24 Mar How Operators Are Using A.I. for Pipeline Integrity Management
Integrating data from pipeline documents is a challenging task. With upcoming deadlines, and steep fines for non-compliance, operators are turning to artificial intelligence for help.
Why is A.I. necessary?
There are over 300,000 miles of natural gas pipelines in the U.S. and a significant portion of them were constructed prior to safety regulations mandated in the 1970’s. Much, if not all of the information related to these pipelines is on paper.
The alternative to processing paperwork with A.I. would be manually entering required pipeline attributes. With over 27 fields of data from numerous construction reports, this would be a tedious chore.
But more than that, if you’ve just acquired pipeline, you don’t have the luxury of time to get all the information entered.
Because integrity management reporting must include all available information about the entire pipeline, many different types of records in as many different formats must be processed.
A.I.-based document processing is the only way to quickly and accurately process and integrate the diversity of pipeline information.
How A.I. Helps with Pipeline Integrity Reporting
Integrity management is all about increasing safety with pipeline data. For operators with historical pipeline documentation that hasn’t been integrated into management systems,
A.I. plays a crucial role in automating the process through several important steps:
#1: Making Text Machine-Readable
Most pipeline documents have been around for a long time, so they have their fair share of damage and blemishes.
To enable accurate optical character recognition (OCR) on documents, it is necessary to apply image processing to scanned documents. One of the major obstacles to OCR is non-text artifacts like speckles, hole punches, lines, pictures, warped document images, and even handwriting.
Using intelligent software, everything that isn’t text is identified and removed prior to OCR. This ensures extremely high accuracy of text recognition.
#2: Machine Reading
Machine reading is a bit different than OCR. Traditional OCR “engines” process each pixel on a scanned page, and decide what character it represents.
This works OK, but accuracy is easily 50% or worse. It’s difficult for OCR to know if a zero should be the letter ‘O’ or if the number one is really the letter ‘l.’ There are seemingly endless examples of this.
Accurate pipeline data is a matter of human safety, so accuracy is vitally important.
The difference in machine reading is that it uses intelligence, outside data sources (called lexicons), and multiple OCR engines to consistently extract data with over 90% accuracy.
Machine reading engines break up text into logical groups. For construction documents and blueprints where text is grouped into boxes or tables of information, machine reading will identify these groups and process them individually.
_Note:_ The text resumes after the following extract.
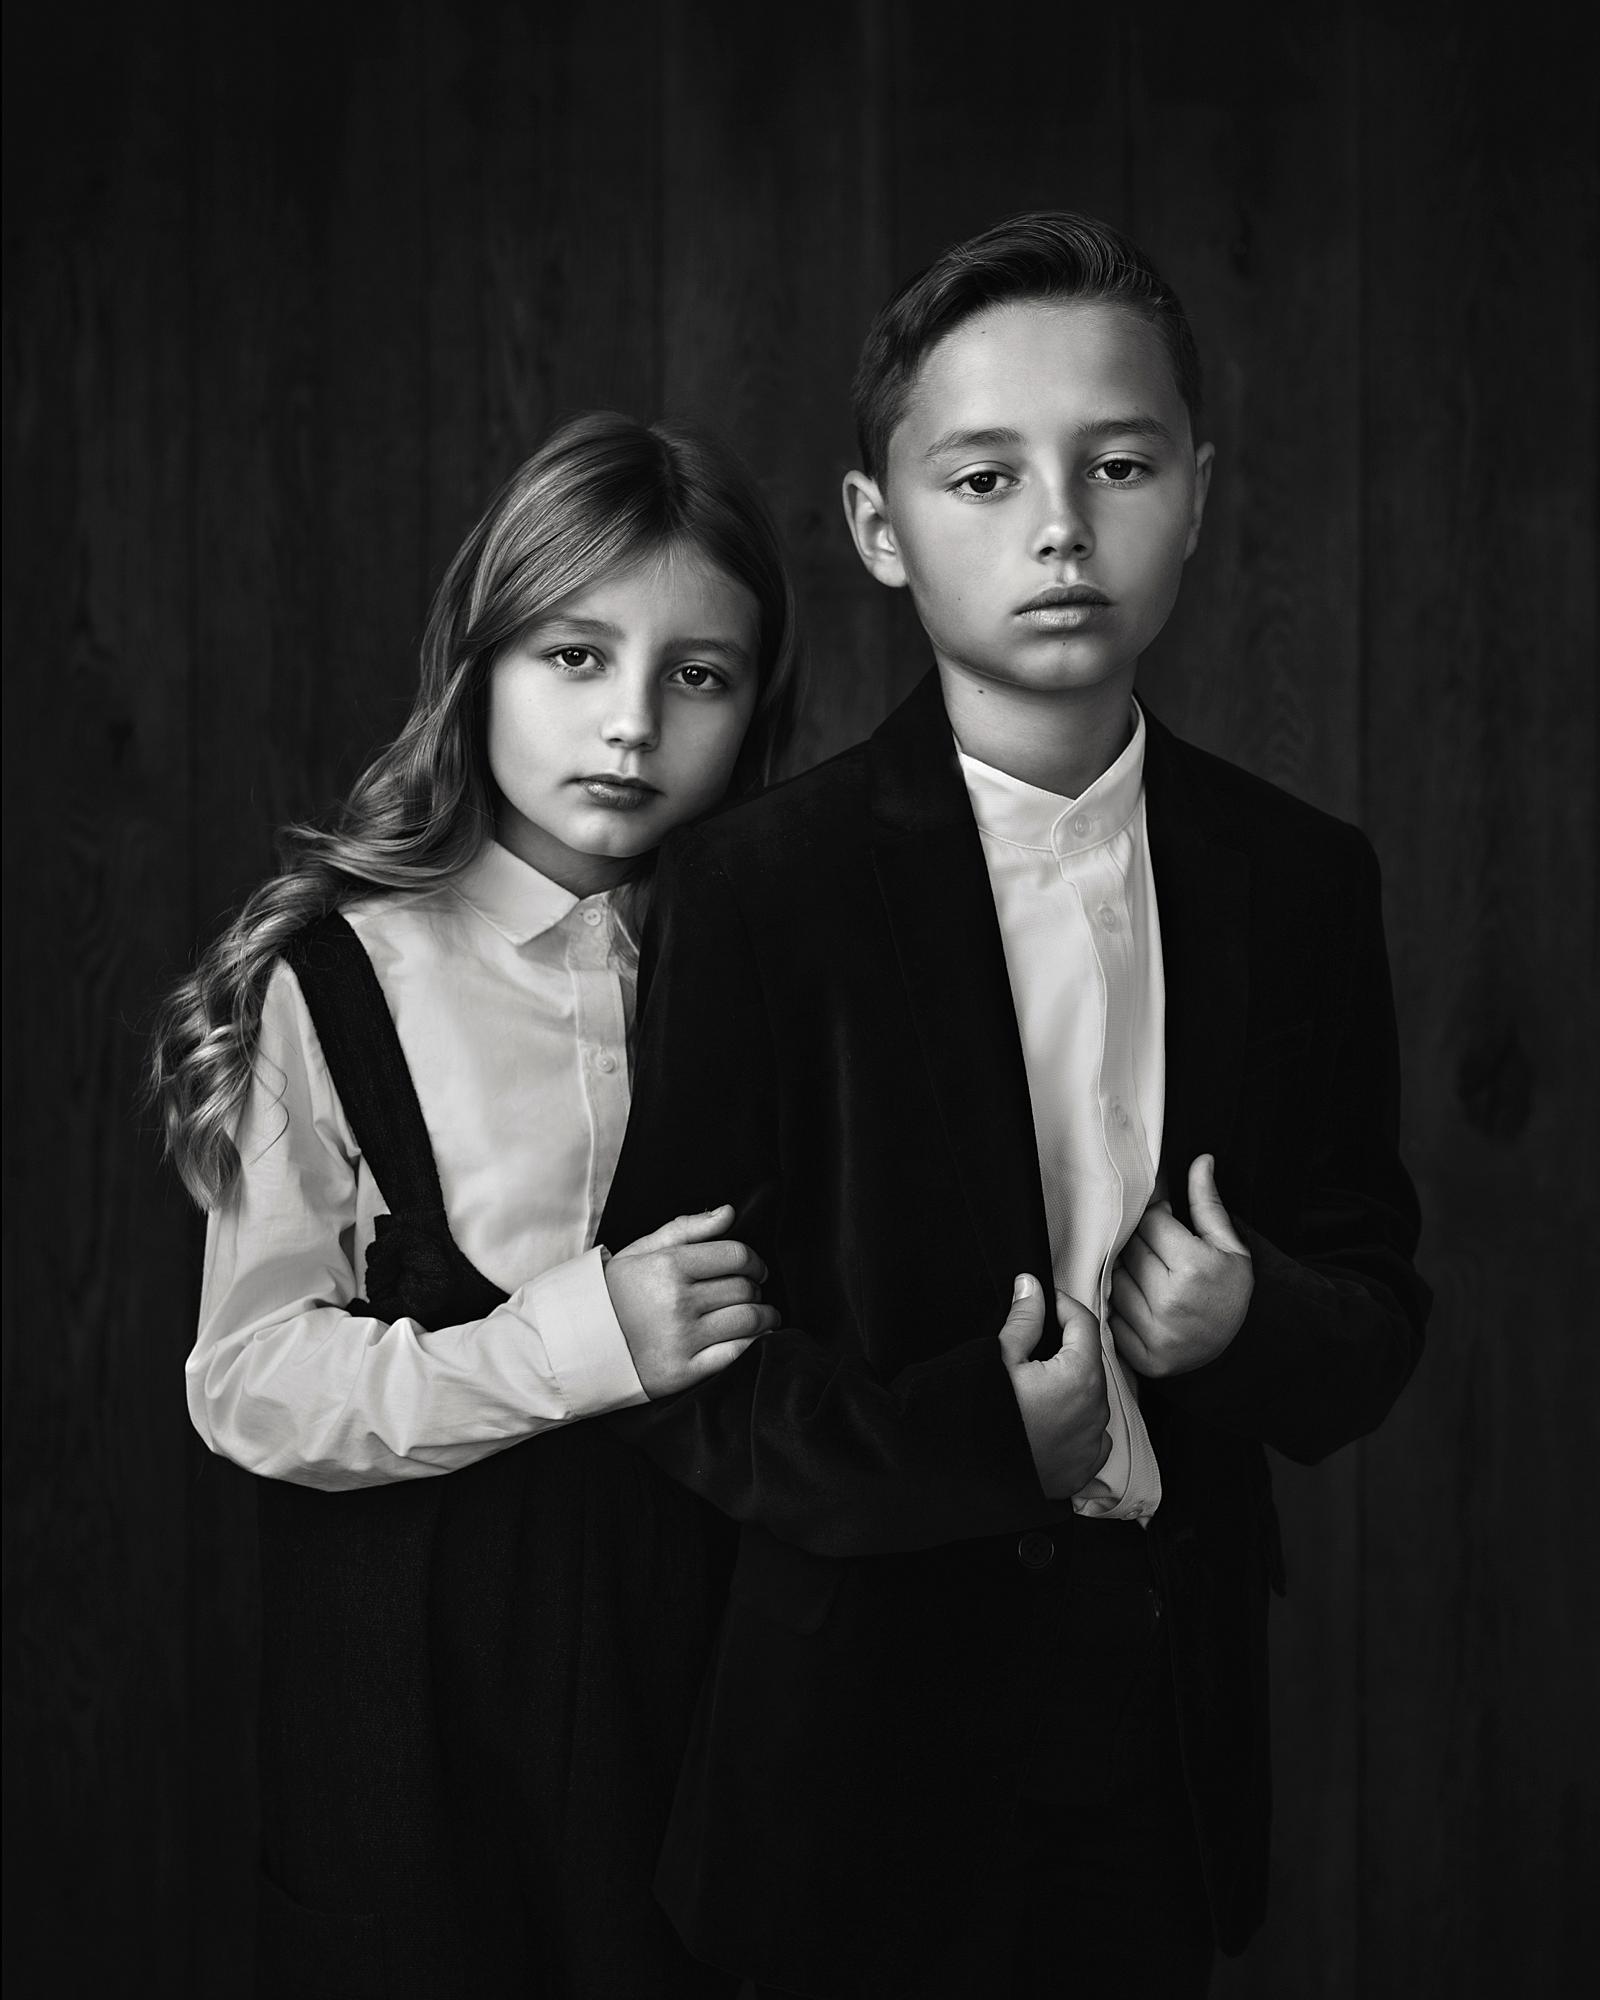 Black and white fine art portrait of a Brother and Sister in vintage clothes

This is a major advancement that helps create machine understanding of what the group of data represents.
#3: Data Labeling
After accurate data is extracted from documents, it needs to be labeled. Simply turning a document of information into alphabet soup isn’t very helpful.
Intelligent software looks at both the field labels on the document and the actual information itself to make judgement calls on what the data represents. For example, you’ll need to know the difference between pipe diameter and wall thickness or maximum operating pressure and temperature. Because A.I. isn’t perfect, accuracy thresholds are created to flag questionable results for human review.
In some cases, field labels on a document are either not available, or not very useful. In these cases, A.I. offers unique approaches like machine learning to label data based on surrounding data, or lexicons of information to compare data against.
Operators who trust A.I. need visibility into how results are obtained. Because intelligent software isn’t perfect, it should offer a visual representation that explain results. This ensures the system can be adjusted for greater accuracy.
Software that processes data without A.I. (or without transparency) is not robust enough to handle the diverse needs of the digital oil field.
Transparency also includes providing a digital copy of the document that shows what pipeline data was extracted. This helps in cases where human review is necessary to verify a result.
#5: Data Integration
Not every operator works from the same information systems or has the same analytics tools. Data integration is more than pushing data to a csv file. Look for a tool that provides not just a data output file, but the ability to integrate according to existing master data models.
This kind of tight integration attaches greater meaning to data. Intelligent software that integrates data into virtually any pipeline data management application, or reporting application (even if it’s an Excel spreadsheet) will help you maximize the use of data.
Pipeline regulations don’t have to cut into productivity or profitability. And since time isn’t on your side, choose an intelligent software platform to automate pipeline records processing.